We don’t tend to use it in the same quantities as we do water – but in some early church communities, a candidate’s whole body might be anointed with oil, and in others oil was poured into the font along with water. In some places, the baptizand’s hands, feet, face and head were anointed as part of the baptismal rite.

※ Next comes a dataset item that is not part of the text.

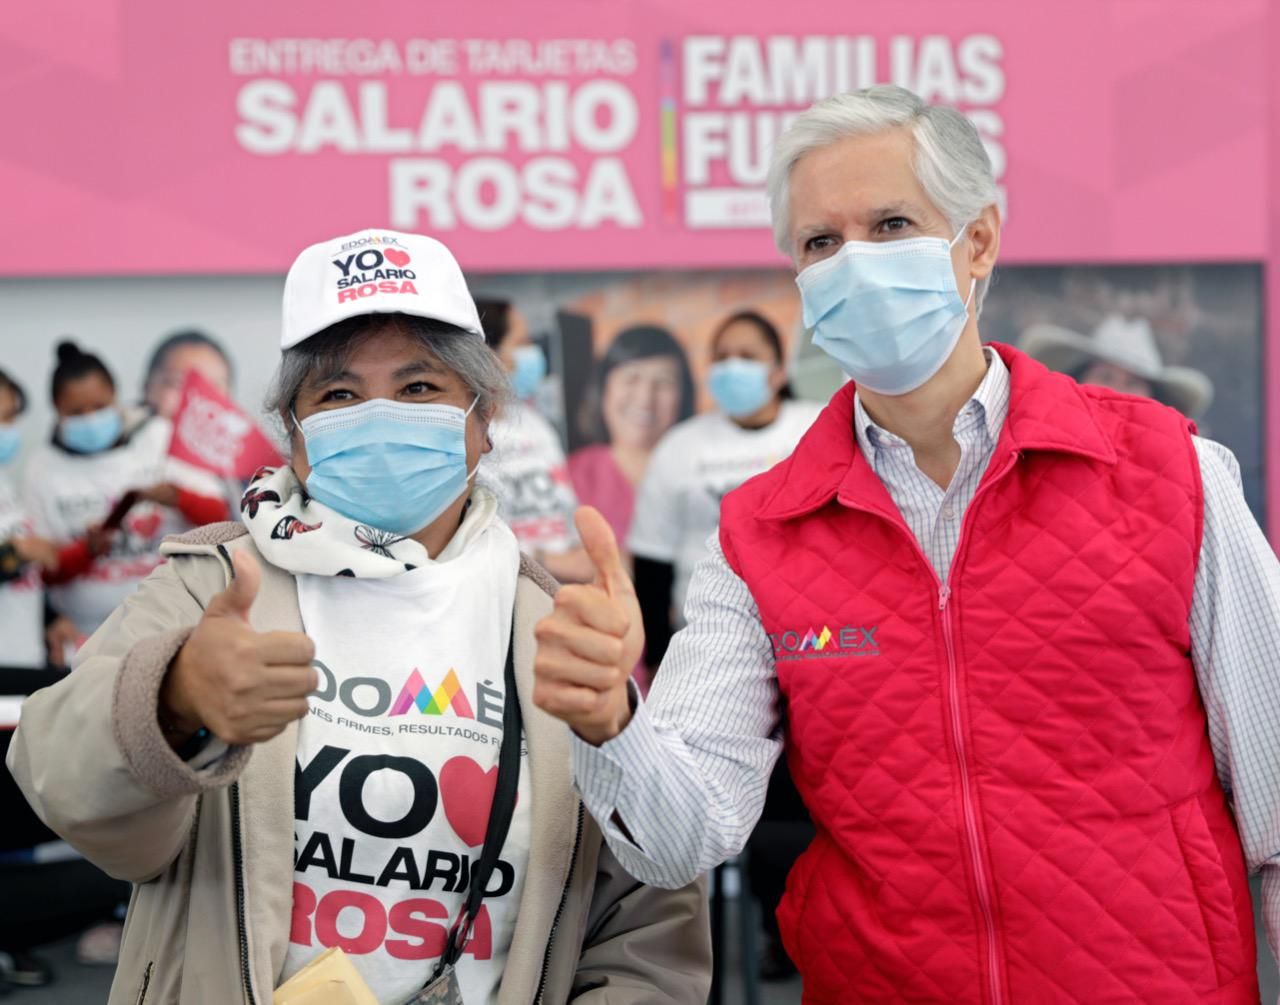 Durante pandemia por COVID-19, Salario Rosa apoya a las familias mexiquenses: Alfredo del Mazo

It seems likely that this was a part of baptism as St. Paul knew it in the earliest days of the Church. In Ephesians, he says, “When you believed, you were marked in him with a seal, the promised Holy Spirit…” That’s just what we say when we make the sign of the cross in oil on the forehead of someone being baptized: “You are sealed with the Holy Spirit in baptism, and marked as Christ’s own forever.” Paul likened that anointing with the Holy Spirit to a down- payment of sorts: “…the promised Holy Spirit, who is a deposit guaranteeing our inheritance until the redemption of those who are God’s possession.”
It is the oil, chrism, that gives us the word “christening.” That’s how fundamental the chrismation part of the baptismal ritual is. For the oil is the Sign or symbol for the Holy Spirit. As I said Monday, it was the anointing with the Spirit that revealed Jesus as the Anointed One, or the “Christ” (same root word as chrism).

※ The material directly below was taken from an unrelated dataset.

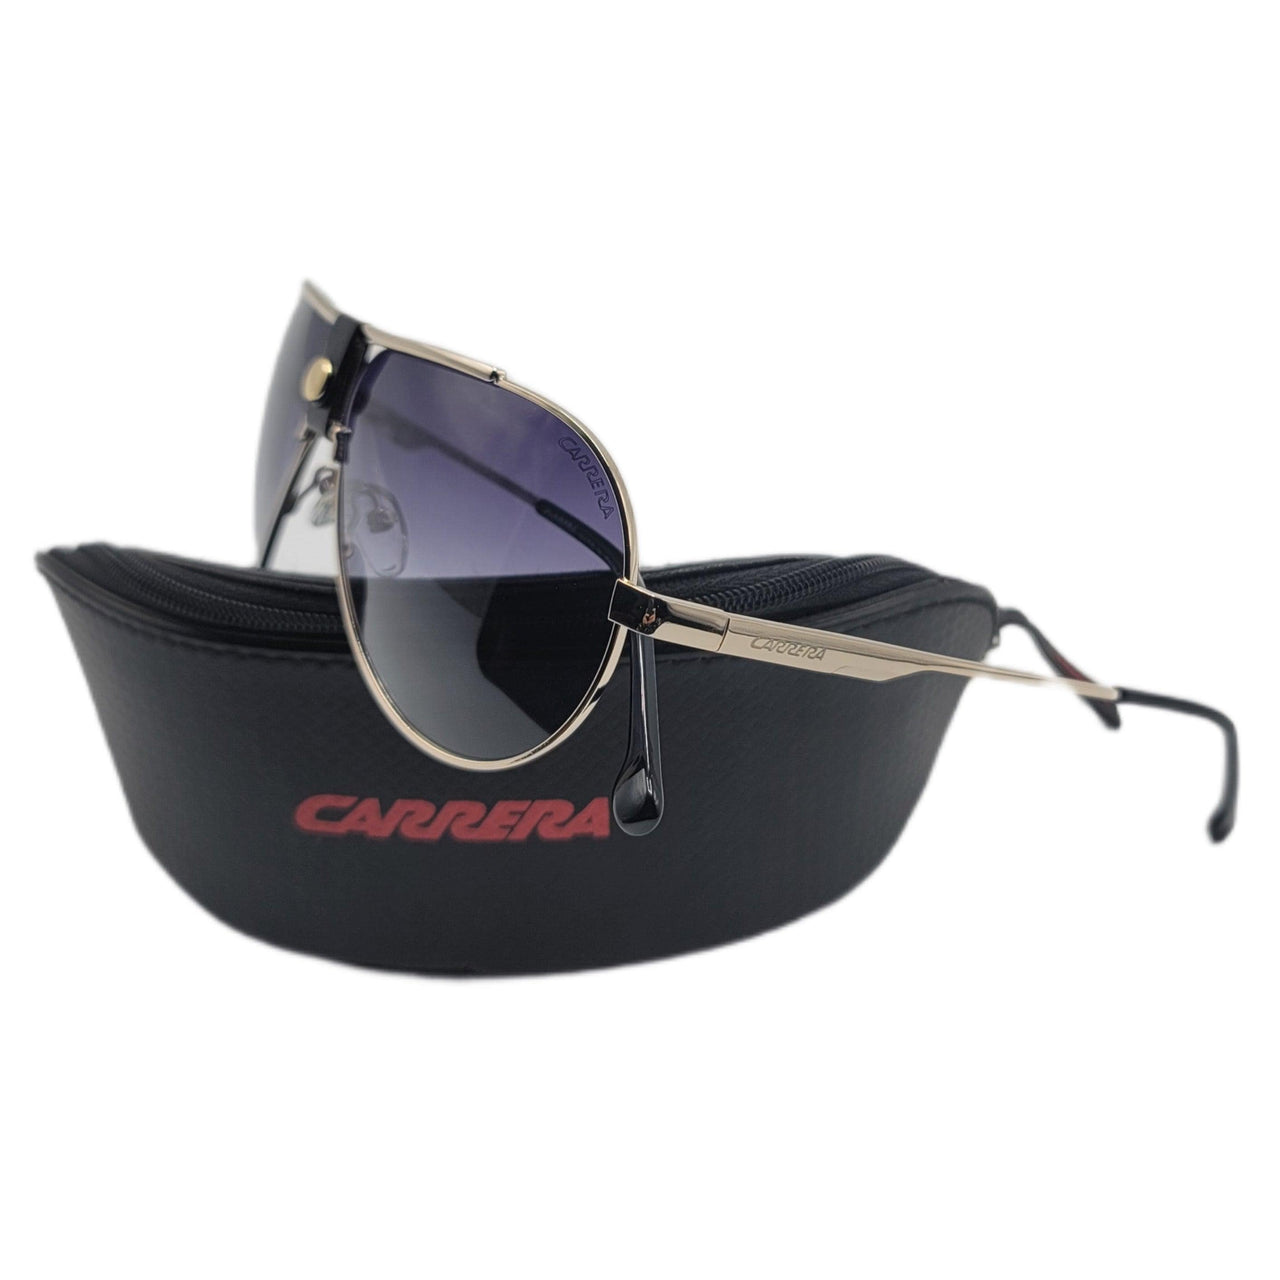 The Bag Couture Sunglasses Carrera Sunglasses

We might even deem the oil more important than the water. The water serves to symbolize the cleansing, forgiving, dying and rebirth realities of baptism. But it is the gift of the Holy Spirit uniting us with Christ that makes us Christians. That’s where our new identity comes from, the birth of a new person, you + Jesus, or the Spirit of Christ. Without the Holy Spirit we are just strivers; with the Spirit of Christ in us we are carried along on the Mission of God – and that cannot fail.
One of the readings appointed for next Sunday is from the book of Acts, about a time when Paul came upon a group of elders from Ephesus who had been baptized by disciples of John the Baptist. “He said to them, ‘Did you receive the Holy Spirit when you became believers?’ They replied, ‘No, we have not even heard that there is a Holy Spirit.’" Paul baptizes them into the name of Jesus and lays hands upon them in prayer – and they are filled with the Spirit.
Do you feel you’ve received the Holy Spirit? If you’ve been baptized in the Episcopal Church, you have. But our churches can be awfully quiet about the Spirit, so that we become almost like those Ephesians, barely aware of this Life Force by which we are renewed to be most fully who we are and empowered to do more than we can “ask or imagine.” If you don’t feel very well acquainted with the Holy Spirit, there’s some spiritual work for us. We can begin with the simplest of prayers: “Come, Spirit of Christ, fill me. Come, Spirit of the Father, renew me. Come, Holy Spirit, empower me.” And then see what happens.
We have been sealed. The deposit has been made. It’s time to start collecting our inheritance.